Leaving a job in order to take advantage of an early retirement incentive has been found not to constitute good cause for leaving one's employment where continuing work is available (see Matter of Cuomo-Perez [Commissioner of Labor], 3 AD3d 777, 778 [2004]; Matter of Salerno [Commissioner of Labor], 279 AD2d 935 [2001]). Claimant here voluntarily decided to participate in a retirement incentive program that, following the cessation of her employment, would pay her a weekly amount to continue until she accumulated 30 years of[*2]service at which time she would collect her pension. Although claimant stated that she elected to participate in the program because she was told that her department was going to be disbanded, it was still operational at the time she resigned, and the employer's representative denied making any such representations. In view of the foregoing, substantial evidence supports the Board's finding that claimant voluntarily left her employment without good cause. Likewise, inasmuch as claimant inaccurately represented when applying for benefits that she left her job due to a lack of work, we find no reason to disturb the Board's imposition of a recoverable overpayment (see Labor Law § 597 [4]; Matter of LoRusso [Commissioner of Labor], 68 AD3d 1317, 1318 [2009]; Matter of Goldberg [Commissioner of Labor], 55 AD3d 1120, 1121 [2008]).

Mitchell H. Rubinstein

May 18, 2011 in Employment Law | Permalink | Comments (0)

Tuesday, May 17, 2011

Judge Can Remove Correction Officer Notwithstanding CBA

Matter of County of Broom v. Dist. Council 82, ____A.D.3d____(3rd Dep't Jan. 20, 2011), is an important case. A judge directed that a correction officer never set foot in his courthouse again. But what about the CBA? Can he arbitrate that? No, holds the 3rd Department, explaining:

"Under the two-prong inquiry governing arbitrability of disputes, courts must ascertain [first] whether the parties may arbitrate their dispute and, if so, whether they agreed to do so" (Matter of New York State Correctional Officers & Police Benevolent Assn., Inc. [New York Dept. of Civ. Serv.], 70 AD3d 240, 243 [2009]; see Matter of United Fedn. of Teachers, Local 2, AFT, AFL-CIO v Board of Educ. of City School Dist. of City of N.Y., 1 NY3d 72, 78-79 [2003]). The subject matter of the dispute controls the analysis under the first prong, and the court must determine "whether there is any statutory, constitutional or public policy prohibition against arbitration of the grievance" (Matter of City of Johnstown [Johnstown Police Benevolent Assn.], 99 NY2d 273, 278 [2002]; see Matter of City of New York v Uniformed Fire Officers Assn., Local 854, IAFF, AFL-CIO, 95 NY2d 273, 280 [2000]; Matter of New York State Correctional Officers & Police Benevolent Assn. v State of New York, 94 NY2d 321, 327 [1999]). If such a prohibition is found, the claim may not be arbitrated, regardless of whether the parties agreed to do so (see Matter of County of Chautauqua v Civil Serv. Empls. Assn., Local 1000, AFSCME, AFL-CIO, County of Chautauqua Unit 6300, Chautauqua County Local 807, 8 NY3d 513, 519 [2007]; Matter of City of New York v Uniformed Fire Officers Assn., Local 854, IAFF, AFL-CIO, 95 NY2d at 280-281). We are mindful that "judicial intervention on public policy grounds constitutes a narrow exception to the otherwise broad power of parties to agree to arbitrate all of the disputes arising out of their juridical relationships" (Matter of New York City Tr. Auth. v Transport Workers Union of Am., Local 100, AFL-CIO, 99 NY2d 1, 6-7 [2002]). Nevertheless, we conclude that public policy prohibits arbitration of respondent's grievance.
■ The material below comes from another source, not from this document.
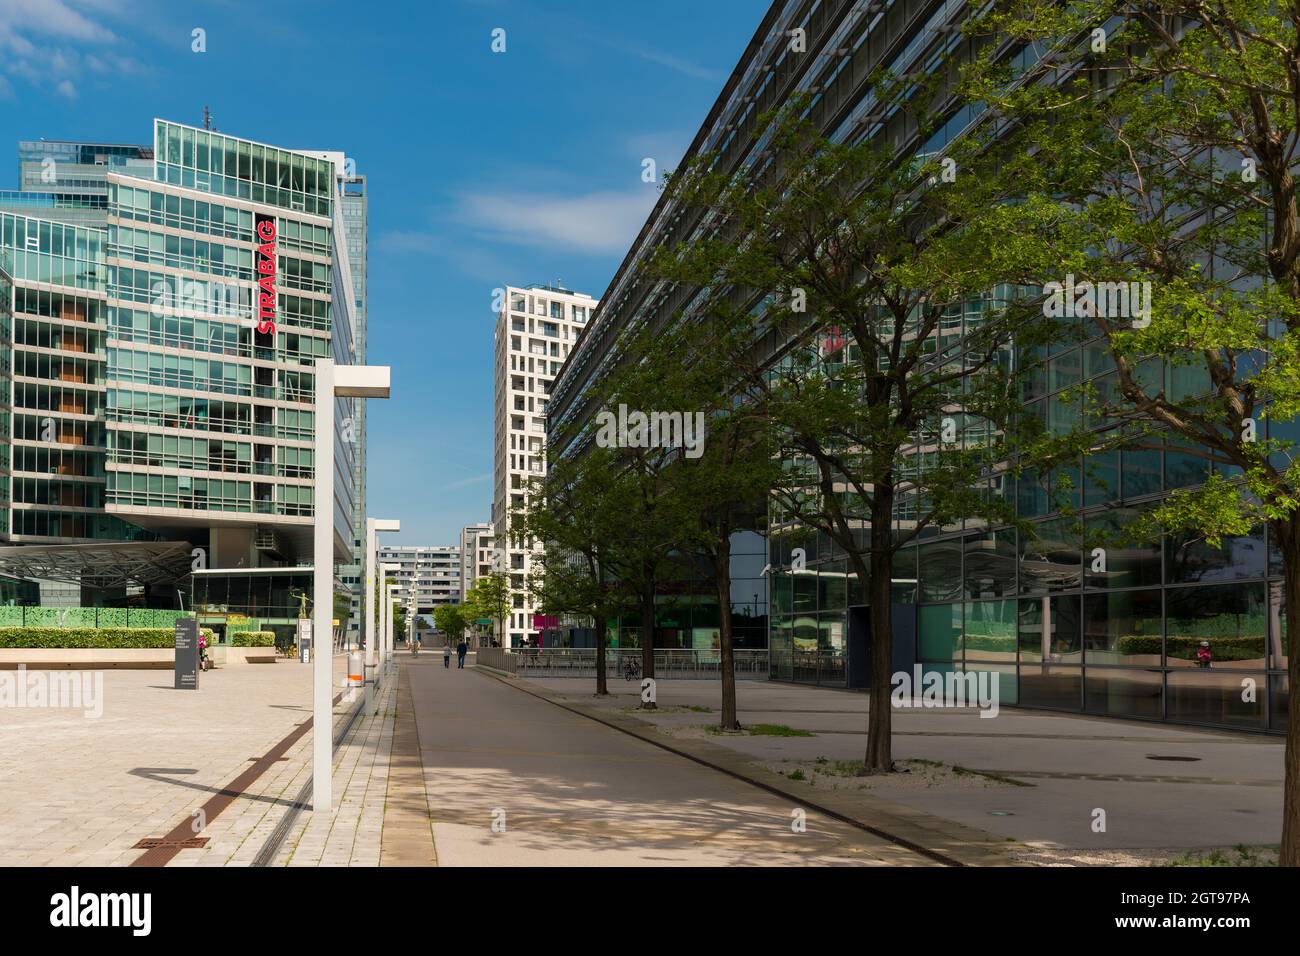 01 juin 2019 Vienne, Autriche - Donaucity, bâtiment du siège STRABAG AG, société immobilière à Tech Gate de Donaustadt. Jour d'été ensoleillé Banque D'Images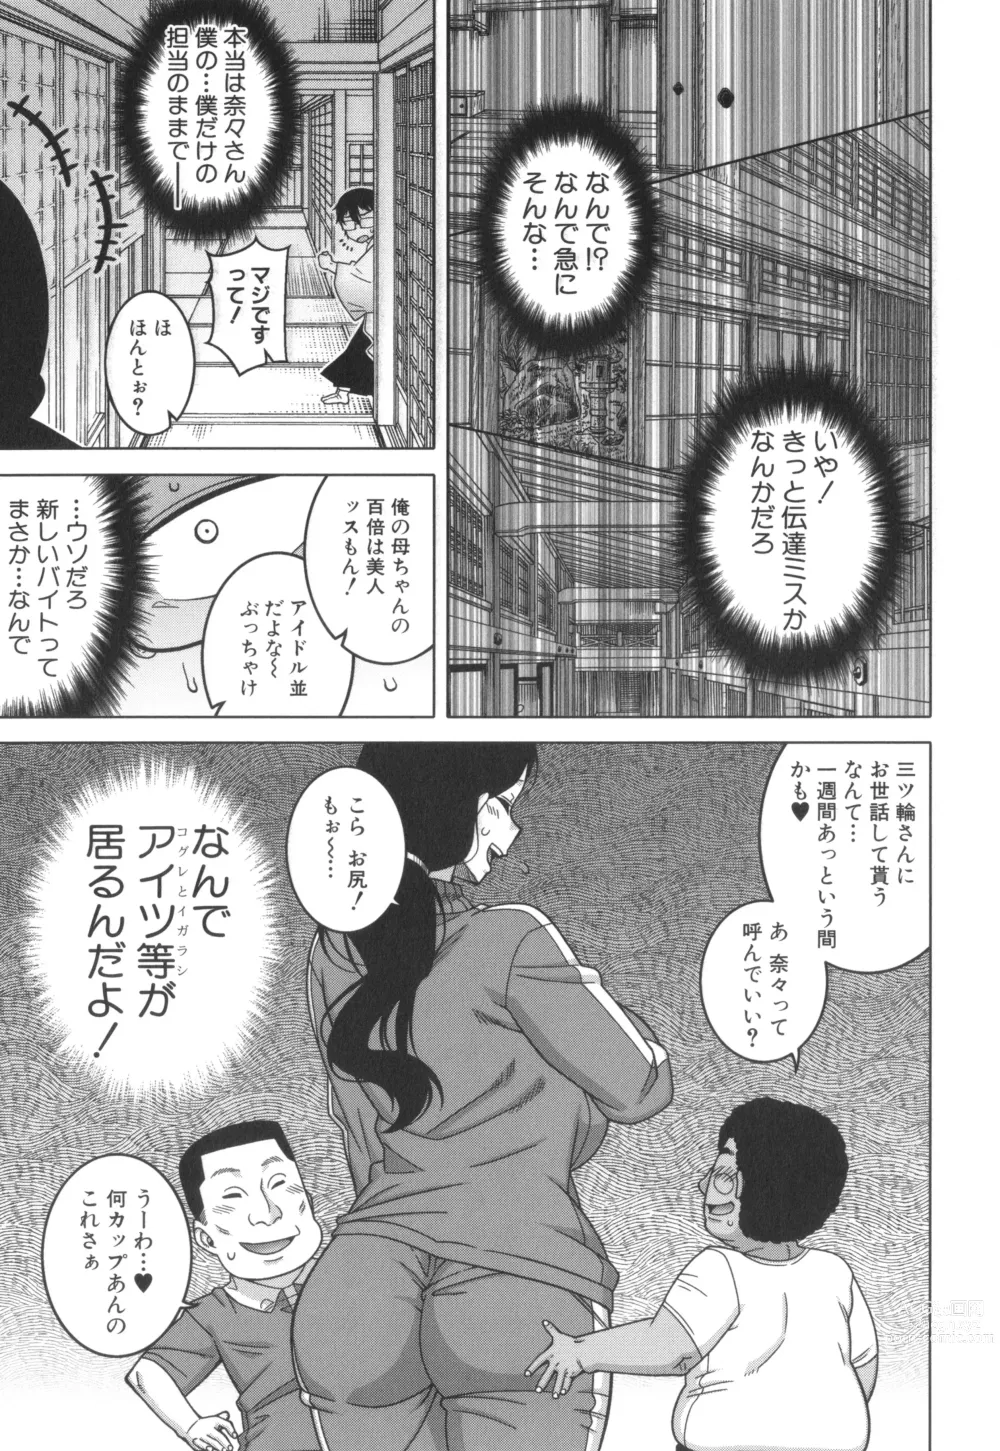 Page 30 of manga Kami-sama no Tsukurikata

The public policy implicated here derives from the courts' inherent authority to maintain the integrity of the judicial process, manage their judicial functions, and guard their independence (see Wehringer v Brannigan, 232 AD2d 206, 207 [1996], appeal dismissed 89 NY2d 980 [1997]; Matter of Spike, 99 Misc 2d 178, 181-182 [1979]). That inherent authority is reflected in the responsibility of the administrative judges to ensure "the orderly administration of the courts within the area of their administrative responsibility" (22 NYCRR 80.2 [d]). The Administrative Judge was acting within his responsibility when he directed that Harder, an officer of the court (see County Law § 650), permanently reassign Mooney from duties that would require him to enter a Broome County courthouse. Respondent contests the assignment on the ground that it constituted a disciplinary action taken without resort to the bargained-for disciplinary procedure, and seeks Mooney's immediate reinstatement to his bid assignment of court holding officer. We agree with Supreme Court, however, that Mooney's reinstatement to his former court officer duties by an arbitrator would encroach upon the authority of judges to manage their courtrooms. While respondent argues that the inherent authority of judges to control their courtrooms does not implicate a public policy interest, such an encroachment upon the court's authority is, in our view, contrary to strong public policy and would frustrate the orderly administration of justice (see Matter of Crosson v New York State Supreme Ct. Officers Assn., ILA, Local 2013, AFL-CIO, 157 Misc 2d 390, 394-395 [1993]). [*3]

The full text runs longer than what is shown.